● GOAL OF THE EXERCISE: Word for word, restate the listing; omit the pictures.

● DATA SEGMENT:

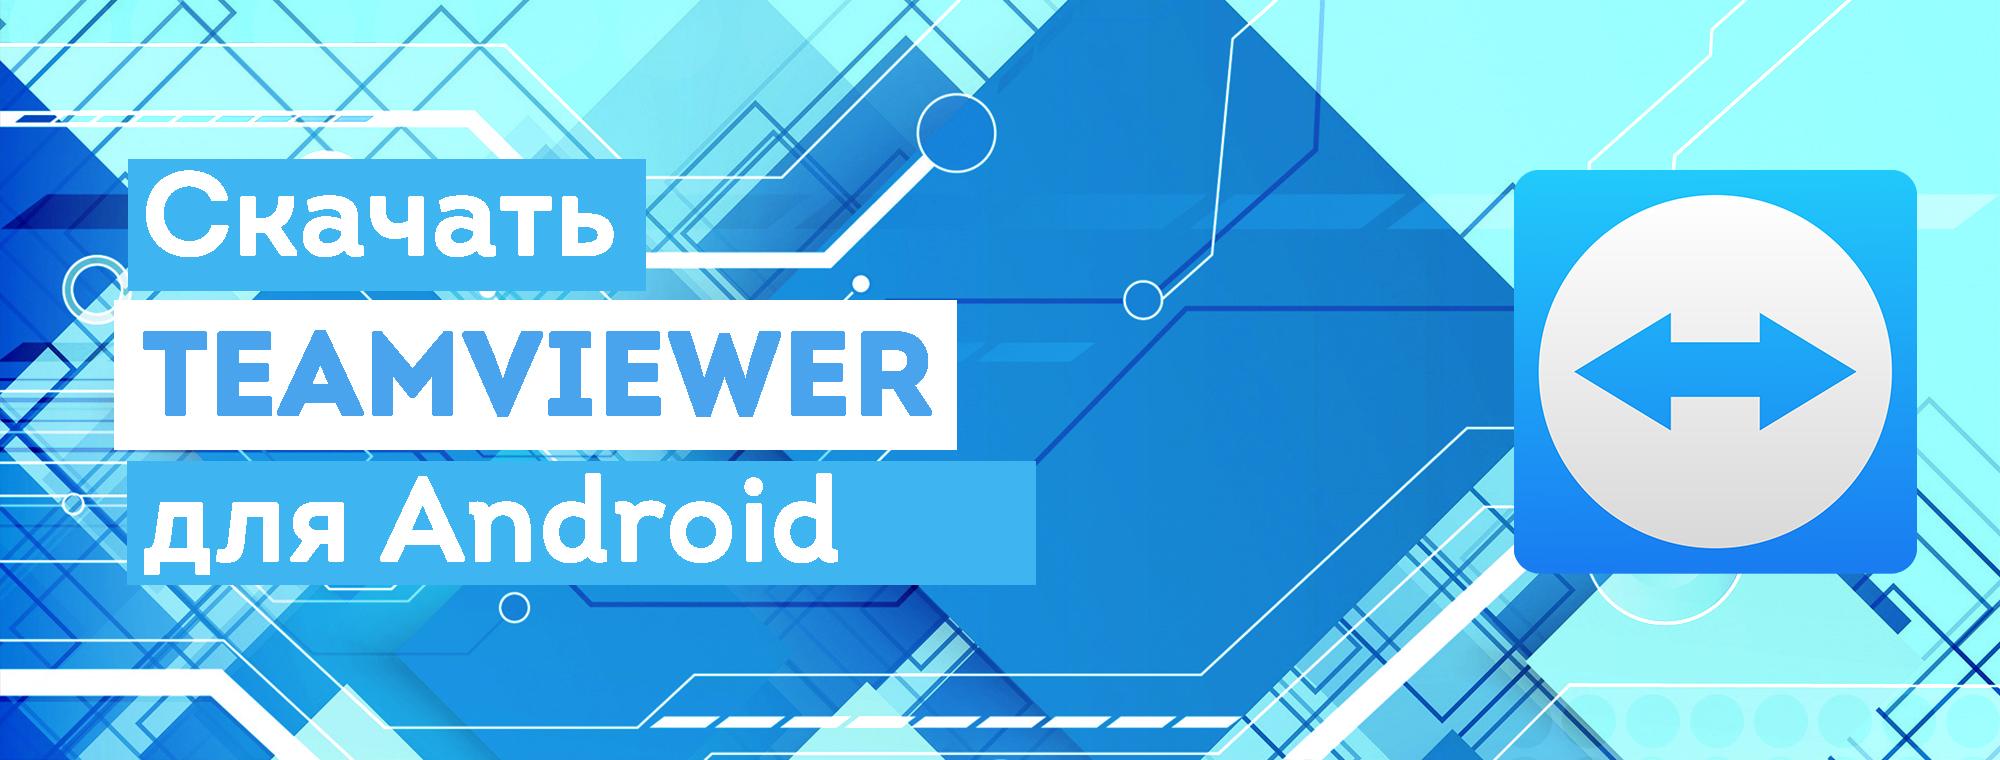 Скачать Teamviewer для Android
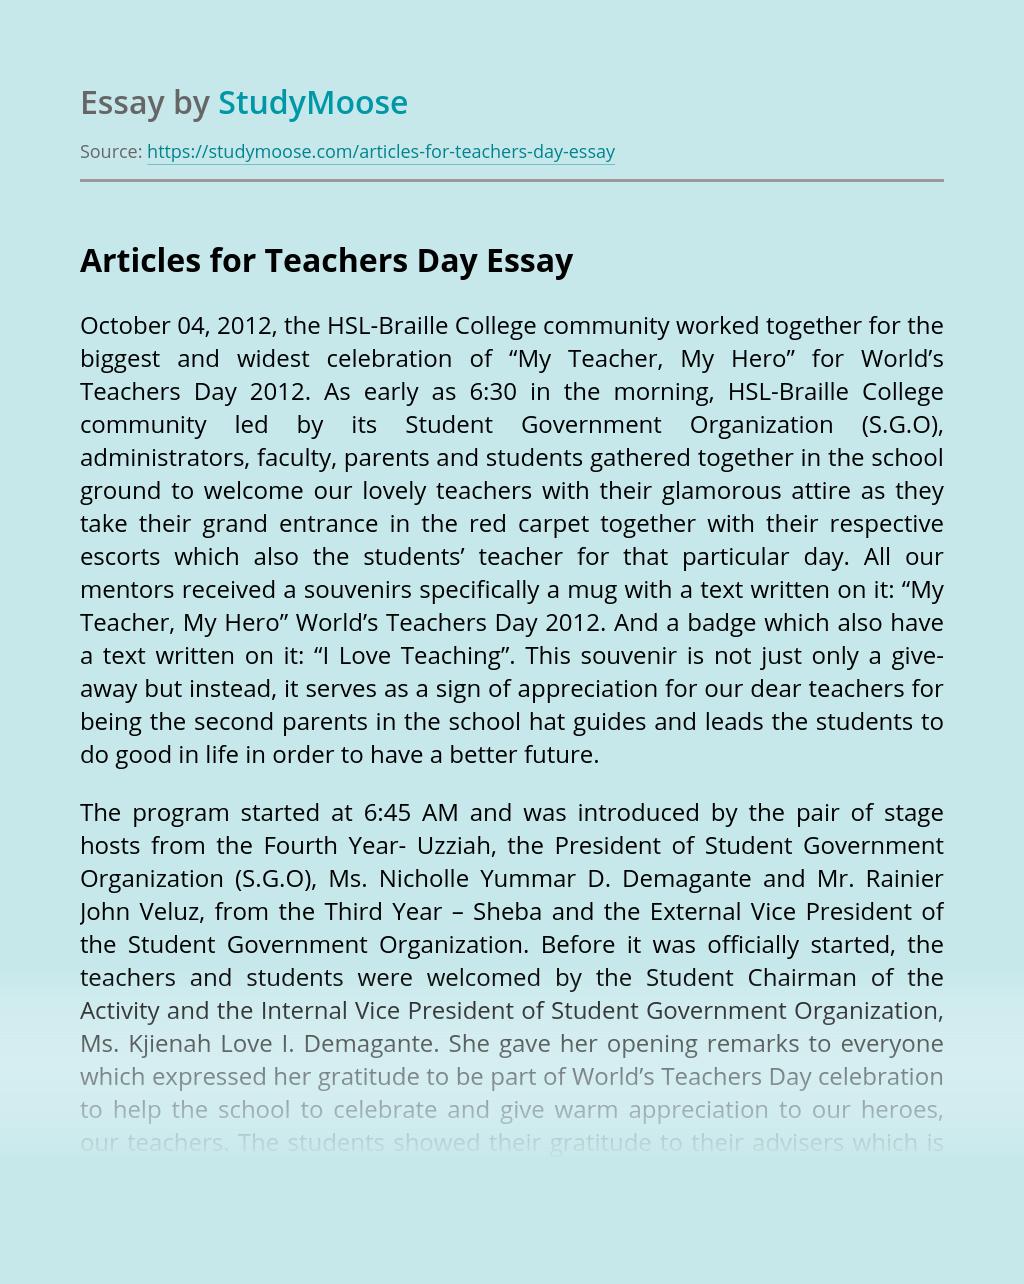 Essay topics for teachers day grahic design business plan sample
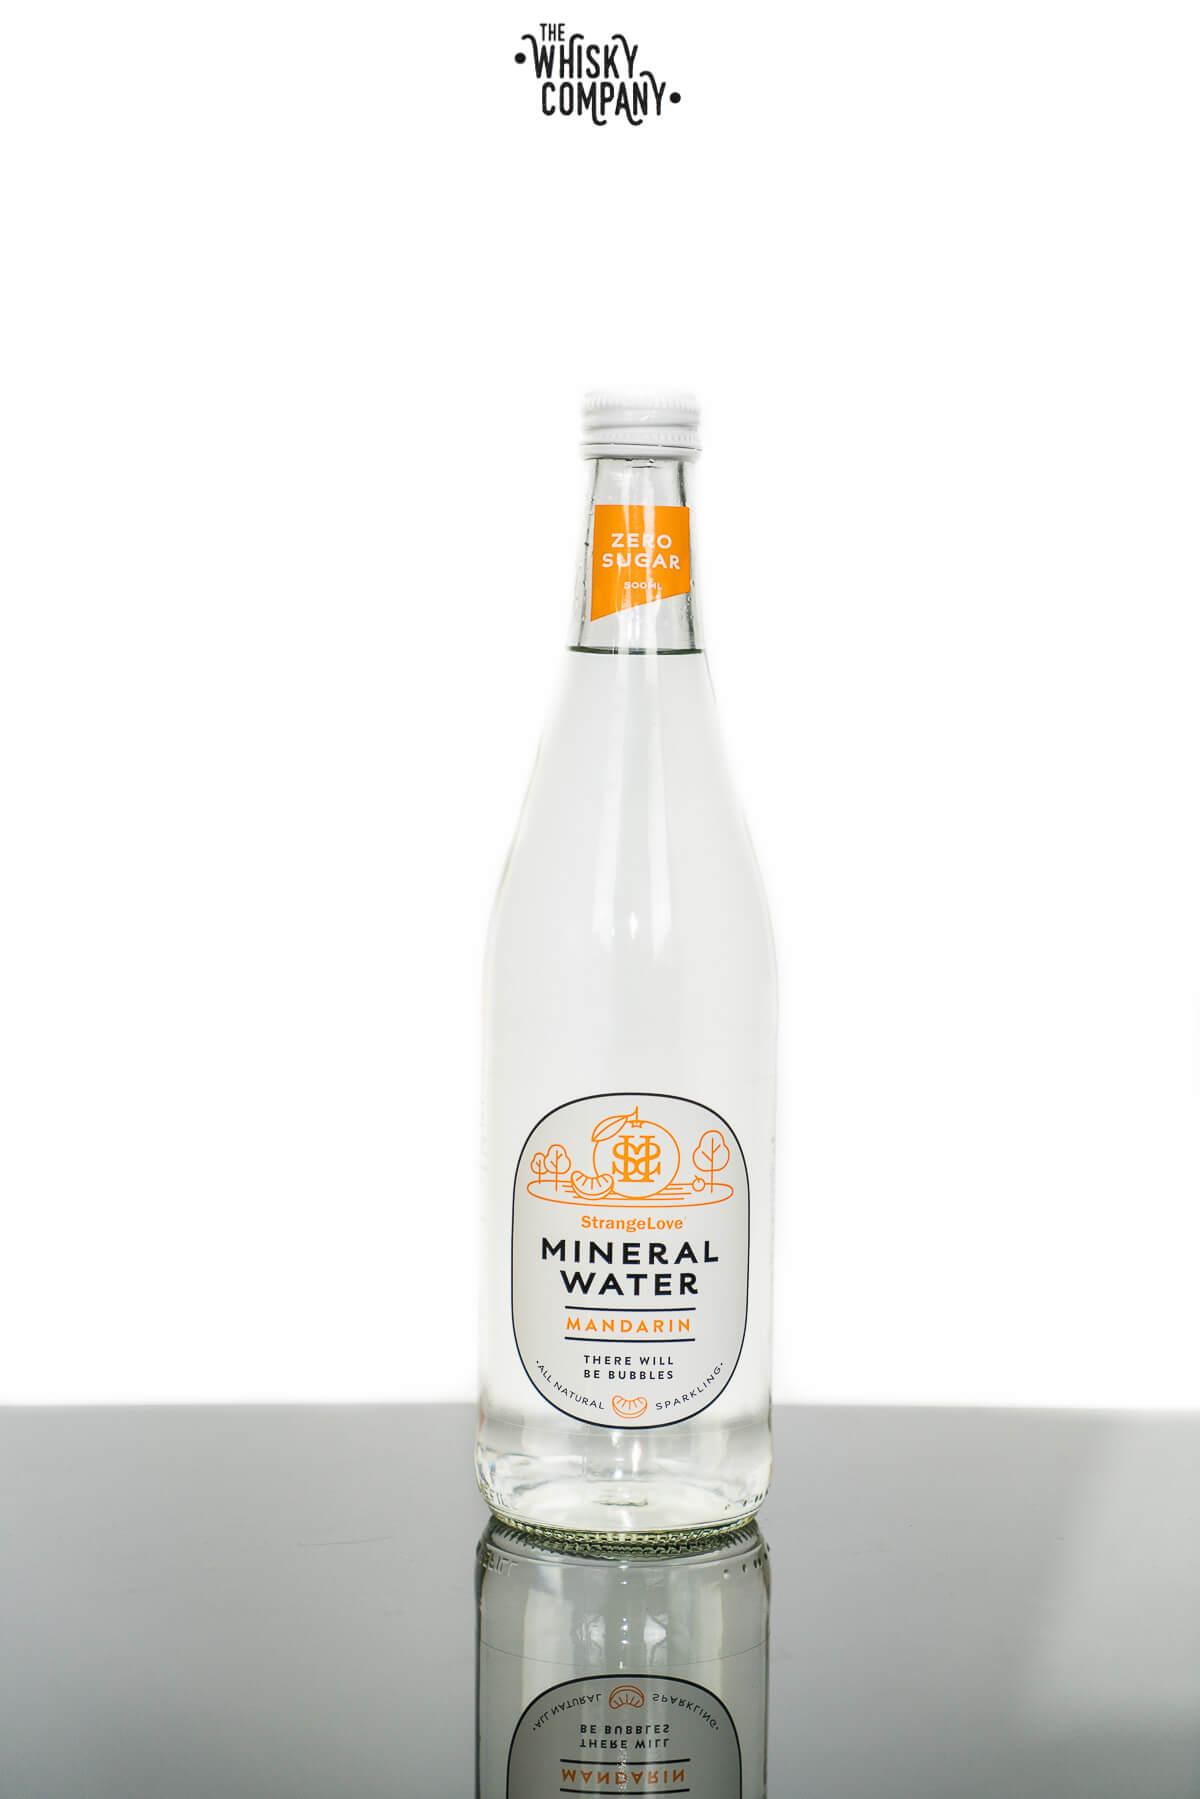 StrangeLove Mandarin Mineral Water (500ml)
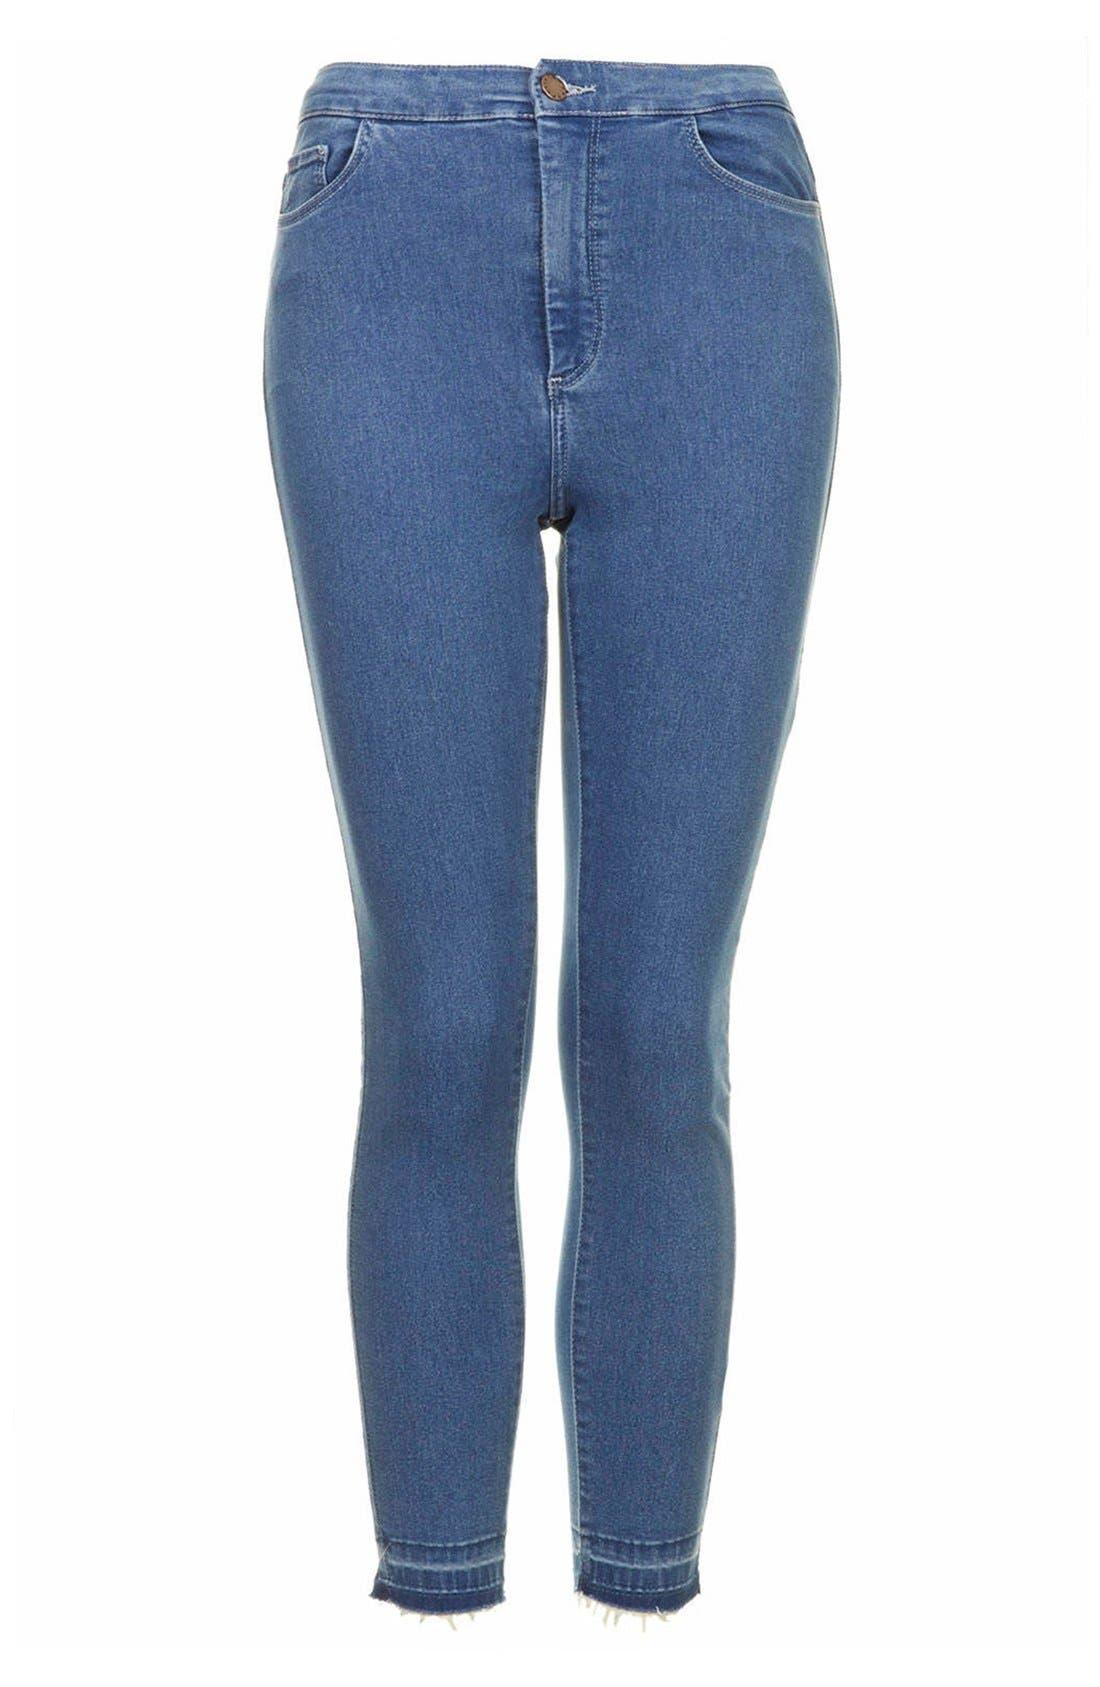 Alternate Image 3  - Topshop Moto 'Joni' High Rise Crop Skinny Jeans (Light)

● TASK RESULT:
 Скачать Teamviewer для Android
 Essay topics for teachers day grahic design business plan sample
 StrangeLove Mandarin Mineral Water (500ml)
 Alternate Image 3  - Topshop Moto 'Joni' High Rise Crop Skinny Jeans (Light)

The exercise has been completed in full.